Mr. Thorpe was as good as his word. He arranged for the meeting between Braden and Anne, but with characteristic astuteness laid his plans so that they were to come upon each other unexpectedly. It happened on the second day after his talk with Braden.
Mr. Thorpe's plan involved other people as well as the two most vitally interested. There was to be a meeting at his house late in the afternoon for the purpose of signing the ante-nuptial contract already agreed upon. Five o'clock was the hour set for the gathering. Lawyers representing both parties were to be there, with Mrs. Tresslyn, George and Anne, and Mr. Thorpe's private secretary, who, with Dr. Bates, was to serve as a witness to the instrument.
At noon Wade delivered a letter to Miss Tresslyn in which Mr. Thorpe said that he would be pleased if she would accompany him to Tiffany's for the purpose of selecting a string of pearls. He made it quite clear that she was to go alone with him, playfully mentioning his desire to be the only witness to her confusion when confronted by the "obsequious salesman and his baubles from the sea." If quite agreeable to her he would make an appointment with the jeweller for 3.30 and would call for her in person. After that, he continued, the signing of a contract for life would not seem such a portentous undertaking, and they could go to the meeting with hearts as light as air. It was a cheerful, even gay little missive, but she was not for an instant blind to the irony that lay between the lines.
Anne selected the pearls that he had chosen in advance of their visit to Tiffany's. He did not tell her that he had instructed the jeweller to make up a string of pearls for her inspection, with the understanding that she was to choose for herself from an assortment of half-a-dozen beautiful offerings, no price to be mentioned. He was quite sure that she would not even consider the cost. He credited her with an honest scorn for sentimentality; she would make no effort to glorify him for an act that was so obviously a part of their unsentimental compact. There would be no gushing over this sardonic tribute to her avarice. She would have herself too well in hand for that.
They were about her neck when she entered the house near Washington Square almost an hour before the time appointed for the conference. In her secret but subdued pleasure over acquiring the costly present, she had lost all count of time. That was a part of Mr. Thorpe's expensive programme.
All the way down in the automobile she had been estimating the value of her new possession. On one point she was satisfied: there were few handsomer strings in New York than hers. She would have to keep them in a safe place,—a vault, no doubt. Nearly every matron of her acquaintance made a great deal of the fact that she had to buy a safe in which to store her treasures.
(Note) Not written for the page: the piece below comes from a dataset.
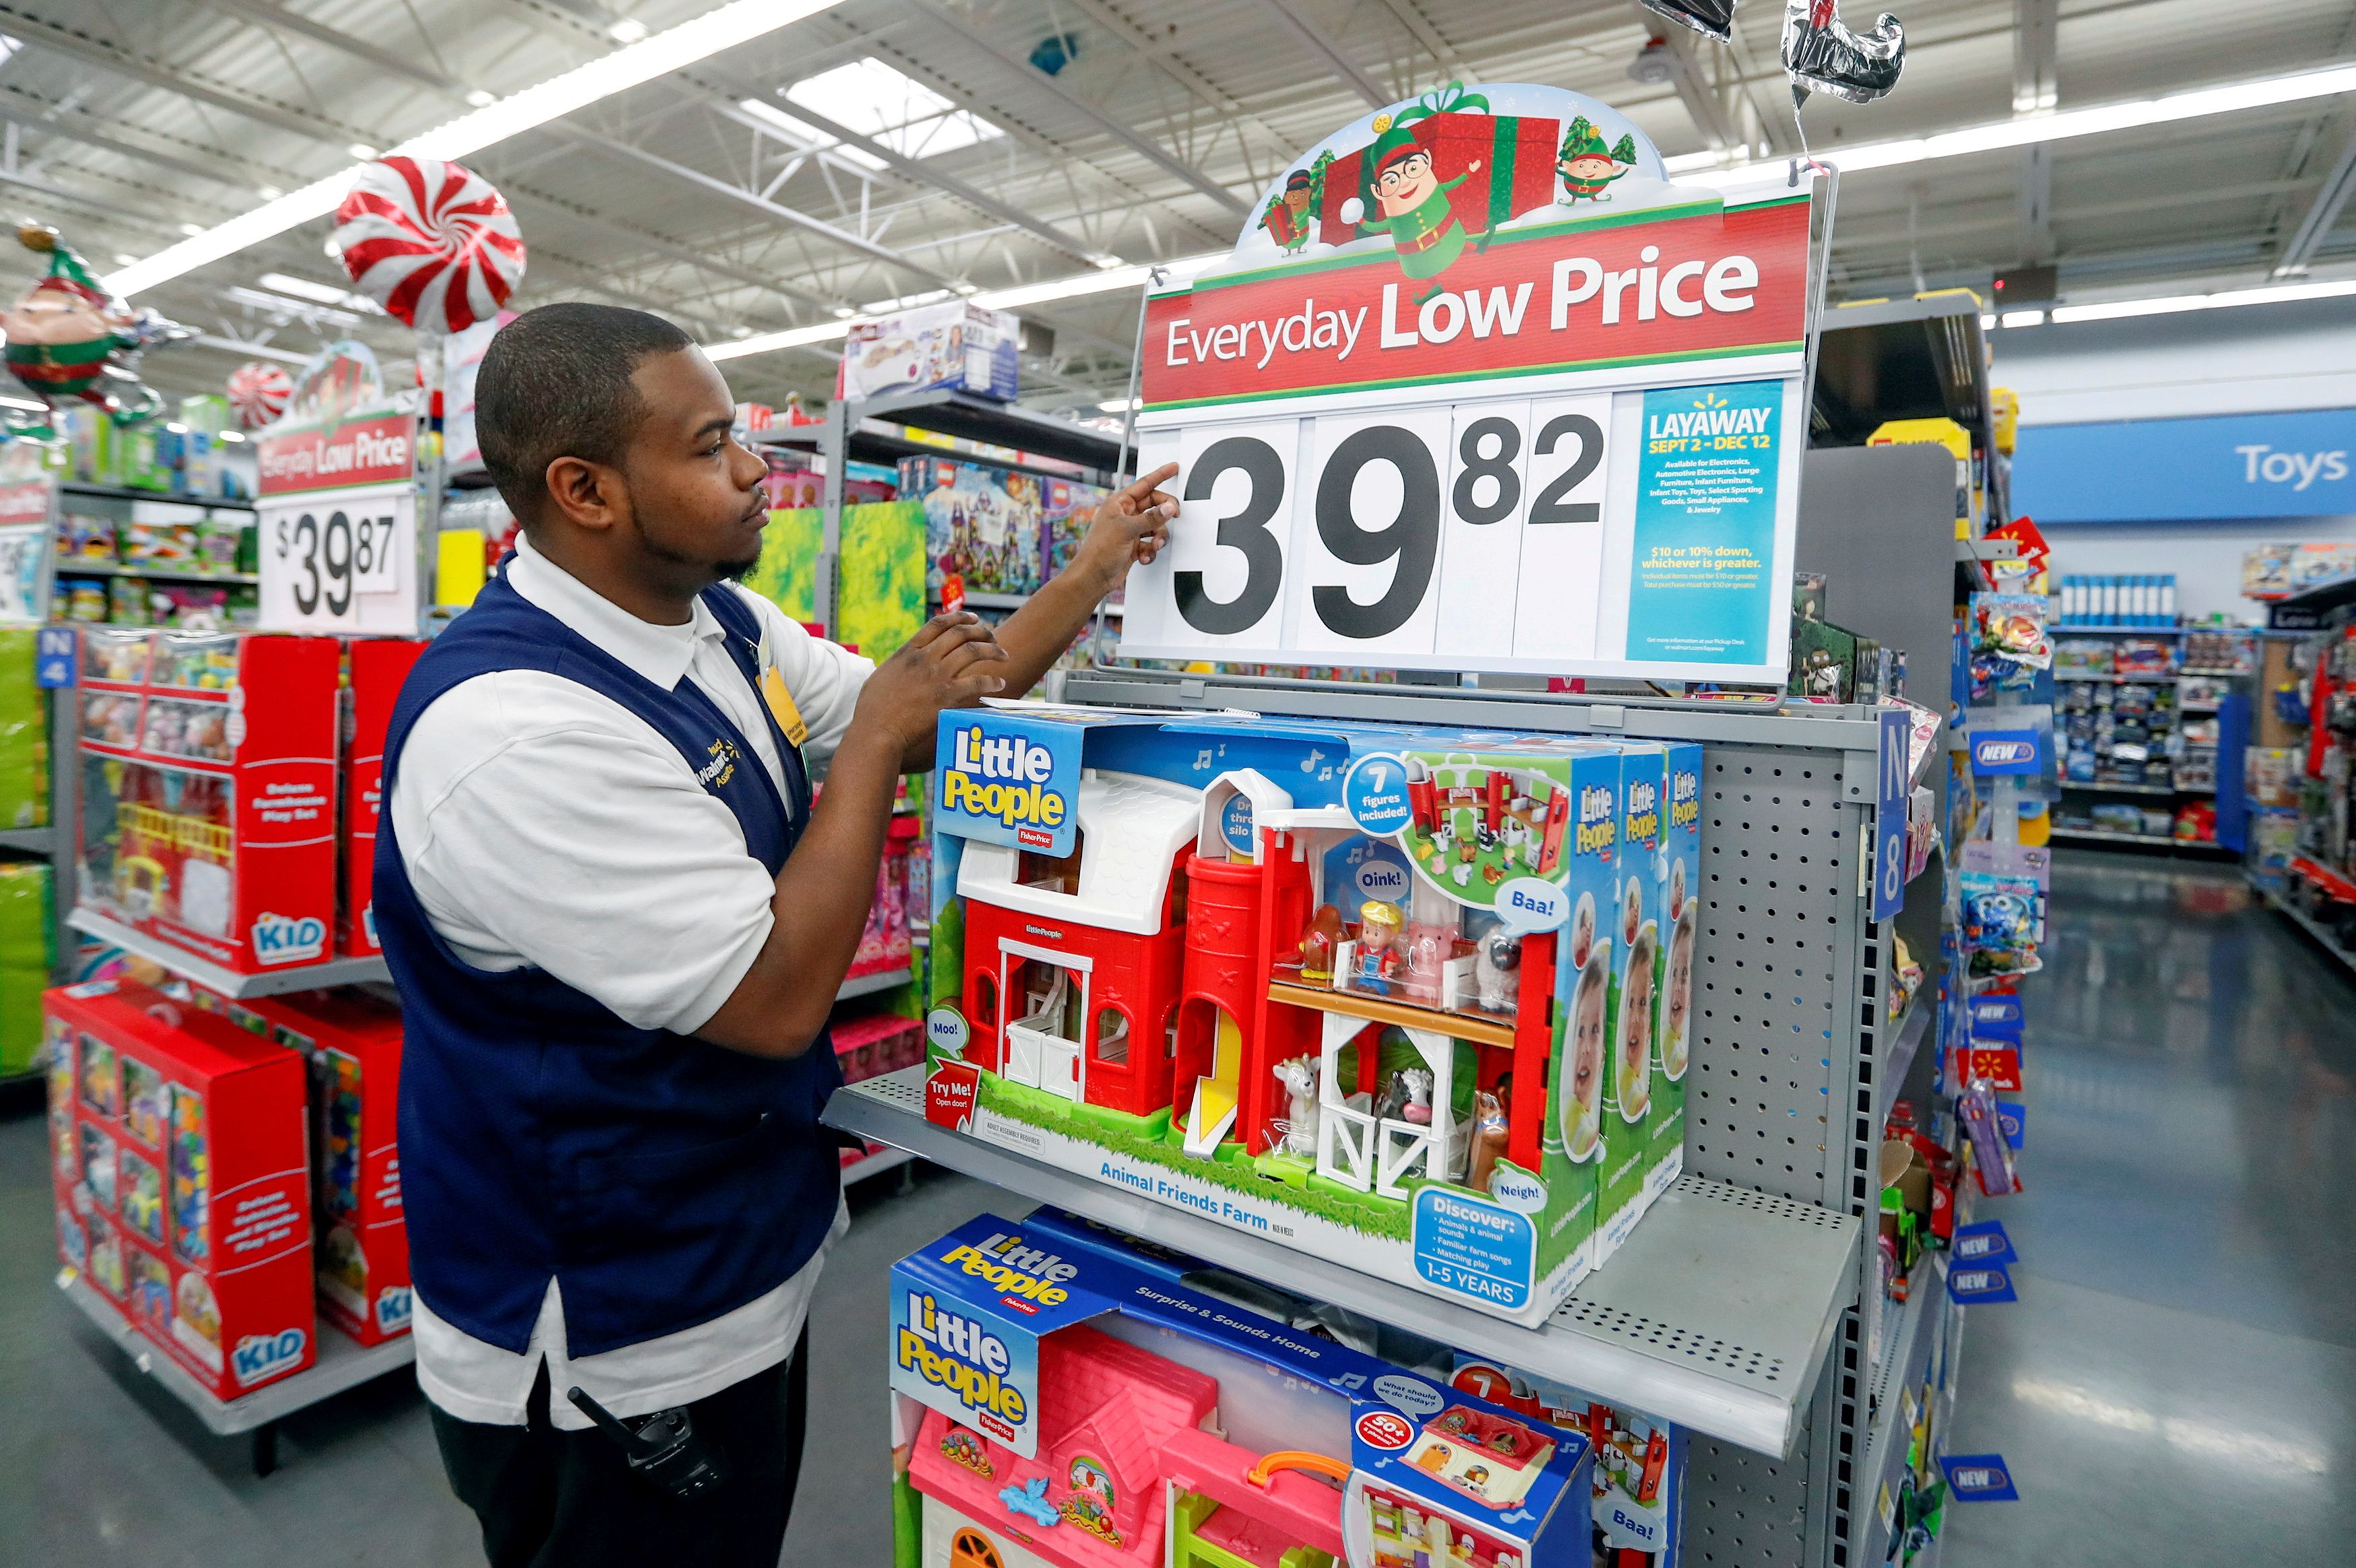 An employee puts up a price tag ahead of Black Friday at a Walmart store in Chicago

There was something agreeable—subtly agreeable—in owning jewels that would have to be kept in one of those staunch, opulent looking safes. She experienced a thrill of satisfaction by describing herself in advance, as one of the women with pearls. And there was additional gratification in the knowledge that she could hardly be called a matron in the strict sense of the word. She was glad that she was too young for that. She tried to recall the names of all the women who possessed pearls like these, and the apparent though undeclared age of each. There was not one among them who was under forty. Most of them had endured many years of married life before acquiring what she was to have at the outset. Mrs. Wintermill, for instance: she was sixty-two or three, and had but recently come into a string of pearls not a whit more valuable than the one that now adorned her neck and lay hidden beneath the warm fur collar of her coat.
Her calculations suddenly hit upon something that could be used as a basis. Mrs. Wintermill's pearls had cost sixty-five thousand dollars. Sixty-five thousand dollars! She could not resist the impulse to shoot a swift, startled look out of the corners of her eyes at the silent old man beside her. That was a lot of money! And it was money that he was under no obligation to expend upon her. It was quite outside the contract. She was puzzled. Why this uncalled for generosity? A queer, sickening doubt assailed her.
"Are—are these pearls really and truly to be mine?" she asked. "Mine to keep forever?"
"Certainly, my dear," he said, looking at her so oddly that she flushed. He had read the thought that was in her mind. "I give and bequeath them to you this day, to have and to hold forever," he added, with a smile that she could not fail to understand.
"I wanted to be sure," she said, resorting to frankness.